The allegorical parallels here are sterling.  Juxtoposing old Europe with new America offers plenty of food for thought and fodder the mind.  If this series continues with further tales, the graphic nature of a vampire's work might be permissible in light of a more thorough study of the two different cultures; but that's for another time...

The second story, the one to tell who Skinner Sweet is, leaps a reader backwards into the Old West.  An outlaw is being transported by train.  He escapes from the custody of the law; but he is killed by one of the men on the train who happens to be a vampire.  That vampires blood mixes with his own, initiating the transformation.  He dies, and he is buried, and he is unearthed from his coffin decades later - also seeking vengeance.

Exactly how this turns Sweet into a new breed of vampire, stronger and faster than the old world version, drawing strength from the sun, rather than being repelled into the shadows by it, this is not very well made clear.  And, perhaps, in a graphic novel format, such latitude to delve into such depth, is not all that available.  Most of the story relies upon the iconography of the pictures.  Pictures possess little ability to explore very deep into character development and motivation, which is the one problem I found with ‘American Vampire’ – especially with Stephen King’s involvement.  There seemed to be more story begging to be told than what was possible.
For fans of the graphic novel format, or vampires in general, this is a no brainer.  'American Vampire' should easily be a hit.  For those of us who seek more content out of our tales, more substance out of our character, and more purpose than mere titular thrills that excite the senses, there is more here to debate.  First of all, the main protagonist of this story, Skinner Sweet, is an outlaw.  He is a villain.  He is merciless killer who only seeks to satiate his own pleasures. 

And yet...

He did save Pearl's life when death consumed all but that one shred of lost hope all carry at the very end.  Some may say he did this to bolster his own ranks.  Now there were two of them.  Two American vampires.  Yet he never engages in her fight.  That battle is hers alone.
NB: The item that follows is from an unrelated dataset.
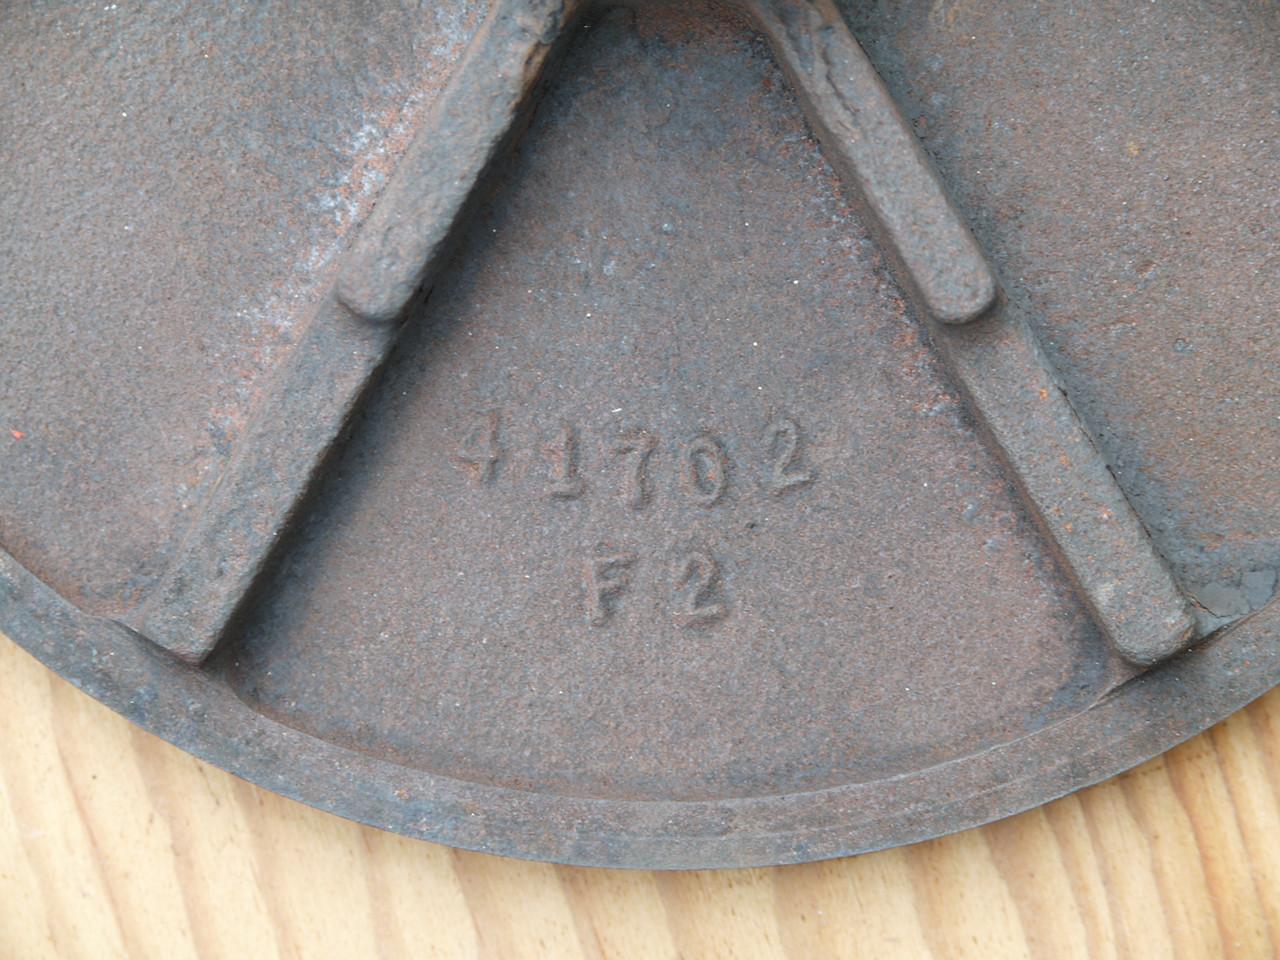 Craftsman 536.906100 'Transitional' Drift Breaker-p1050119.jpg

Pearl’s story is basic revenge.   She has been empowered by Sweet revenge herself on those who violated her, which she does; Sweet story, however, is not so black and white.  He is an outlaw, who kills people indiscriminately, and is pursued by a Pinkerton detective undaunted by Sweet’s new vicious power.
Can a story carry itself with two villains?  The European vampires are clearly evil.  Skinner Sweet is the typical Western outlaw, so he becomes the antagonist in his own story of the lawman who seeks to hunt him down, while Pearl takes on the vampires from the old country.  It is a perplexing myriad of story angles, converging from the oddest direction and views.  In a way, such is life.  At times, it's difficult to know who's the bad guy and who's the guy in the white hat - as movie lore introduced back in the golden age of its inception.


While the story itself was interesting, it was also intricately perplexing.  There is the drama of Sweet grasping with his new persona; and there is the violence he wrecks as a result of that.  There is the detective who pursues him out of a sense of duty without holding any chance at stopping Sweet’s ravaging, easily destroying all who stand in his way.  It’s hopeless.

Nevertheless, this book grabbed me.  It held a passion and intensity to it one often doesn’t find.  If Steven King could just take these same elements and develop them into a next novel, it would become yet another best seller.